**TASK ITEM**
Only the lines from the one that contains "BiBi Floral Print" to the last line below, both included, should be transcribed. Pictures stay out of the copy.

**INFORMATION SUPPLIED**

==============================

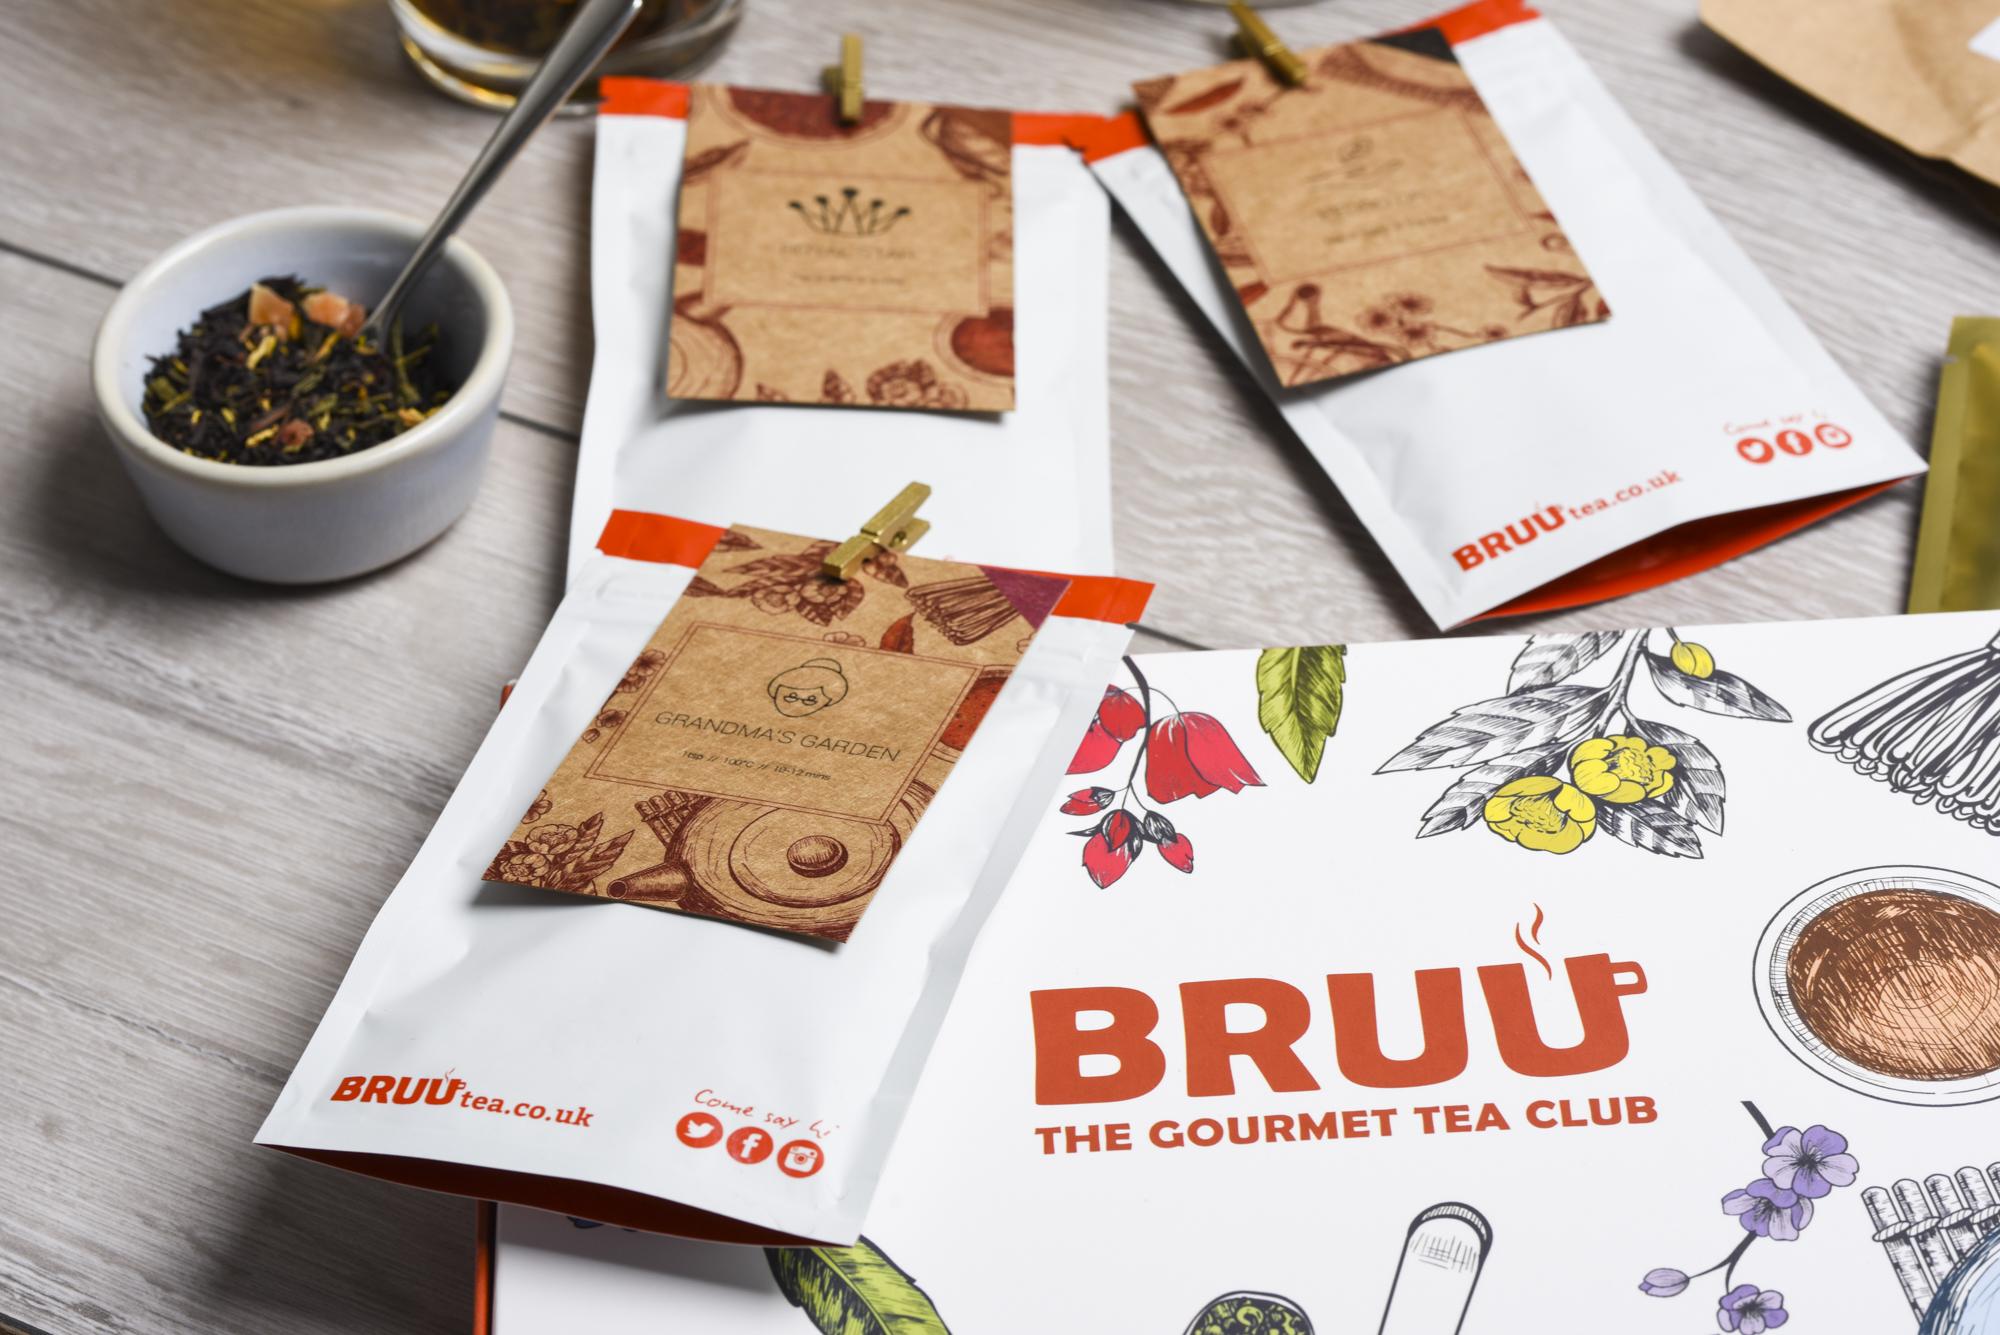 BRUU - The Gourmet Tea Club
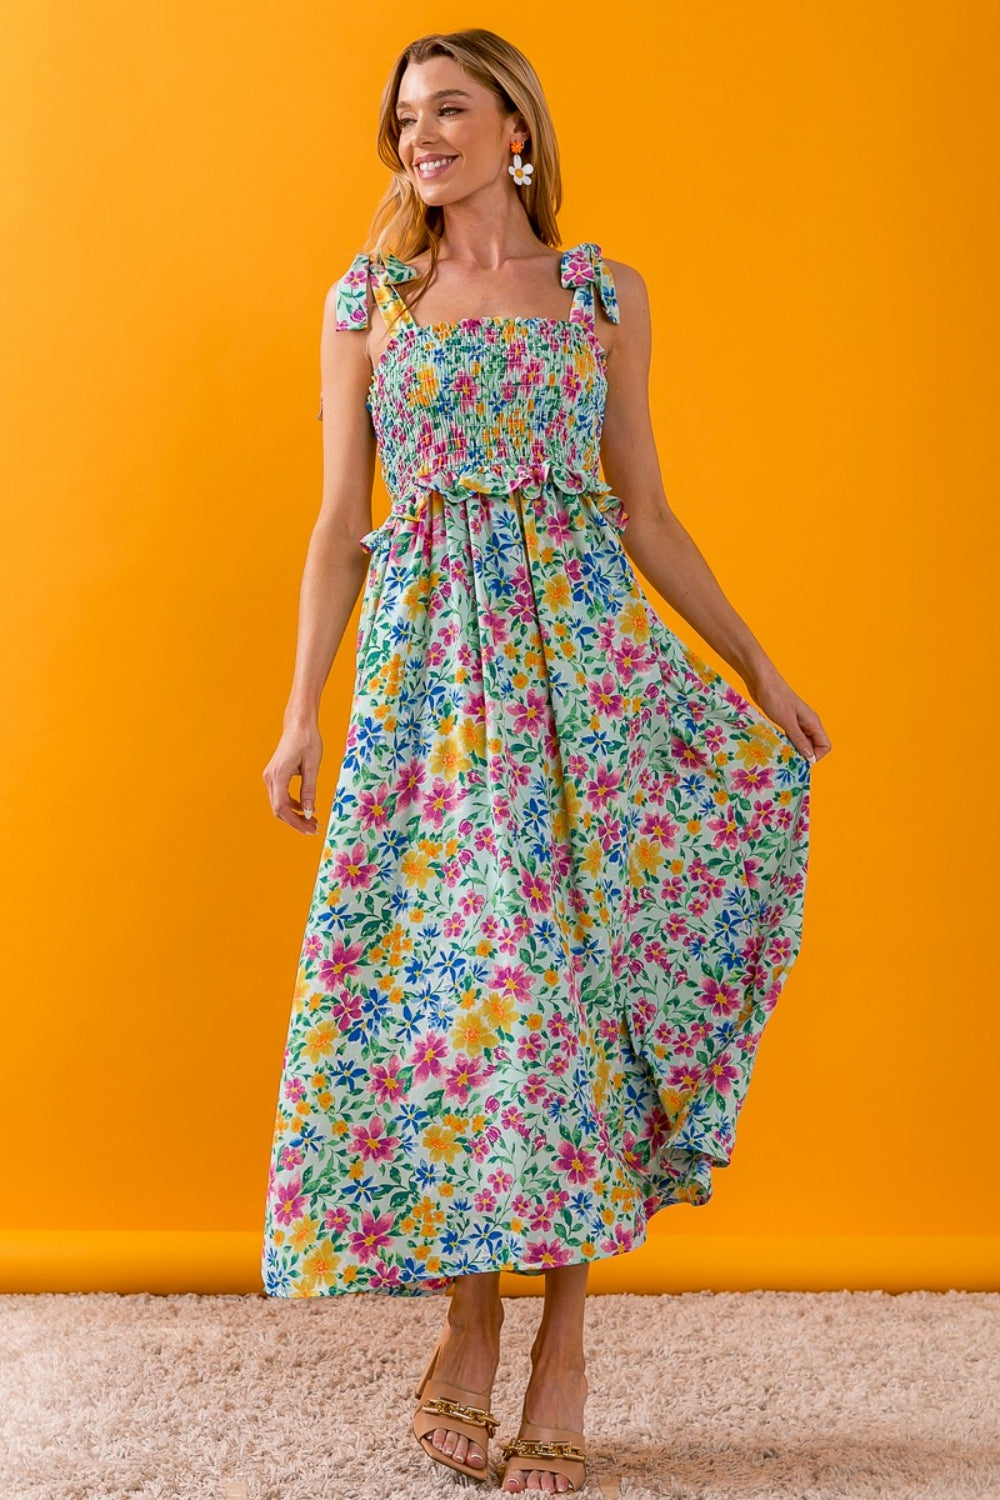 BiBi Floral Print Ruffle Trim Smocked Wide Tie Strap Cami Dress
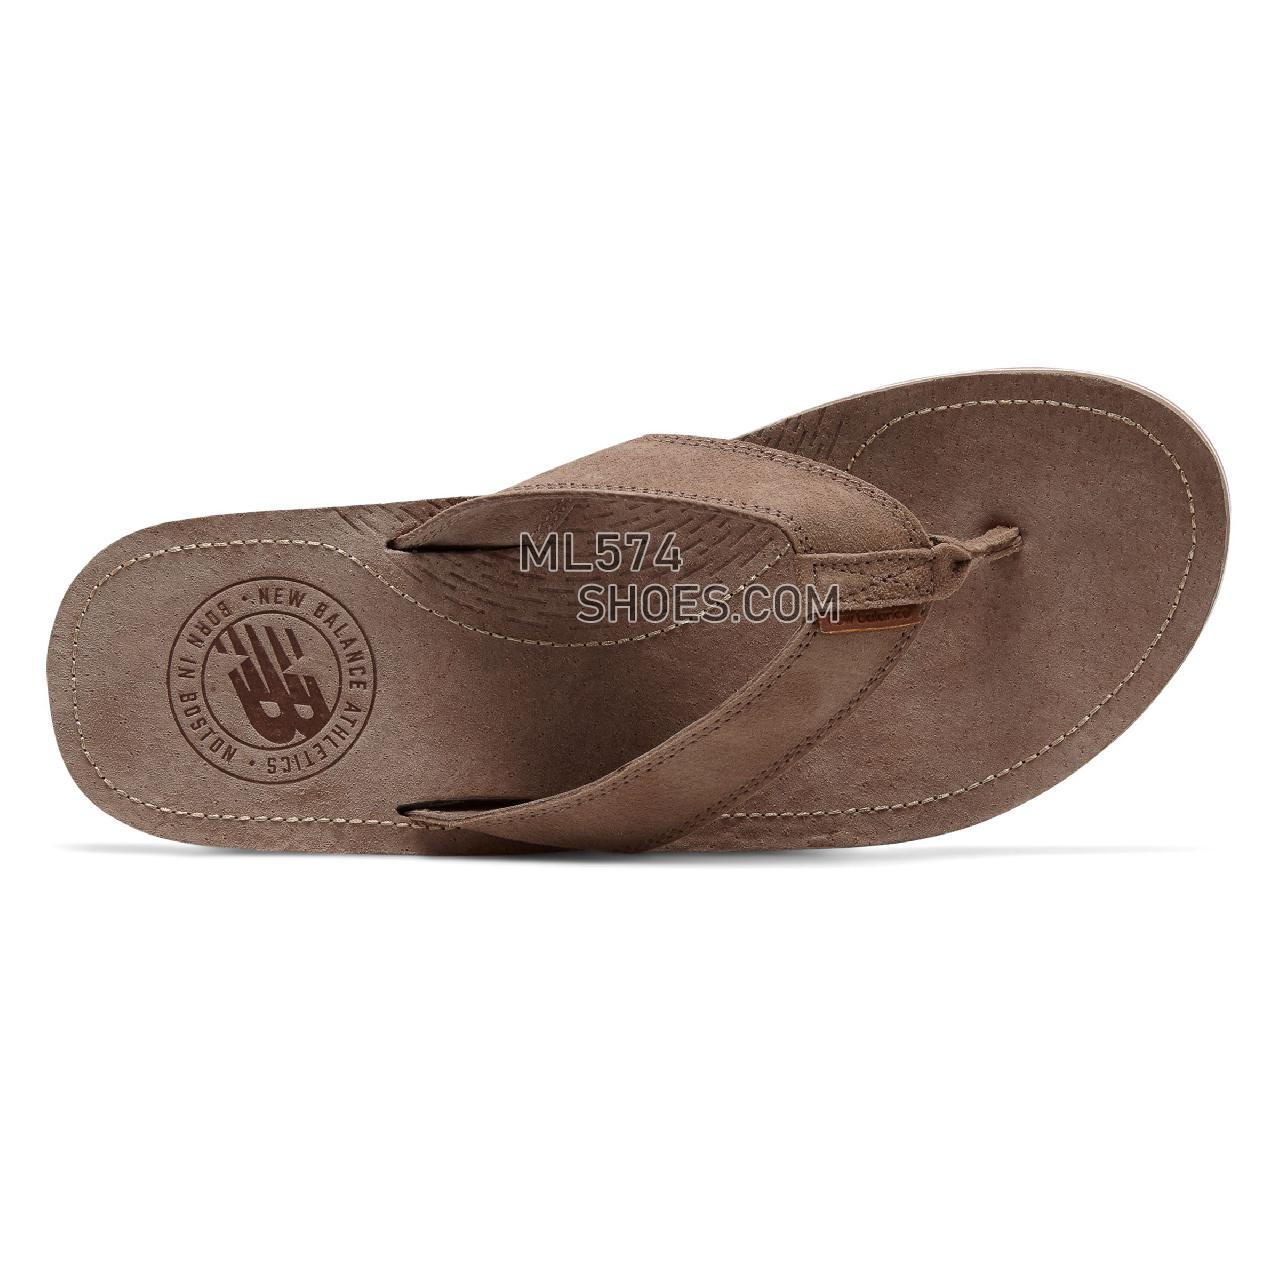 New Balance Classic Thong - Men's 6078 - Sandals Tan with Gum - M6078BRGM

==============================

**SOLVED PROBLEM**
 BiBi Floral Print Ruffle Trim Smocked Wide Tie Strap Cami Dress
 New Balance Classic Thong - Men's 6078 - Sandals Tan with Gum - M6078BRGM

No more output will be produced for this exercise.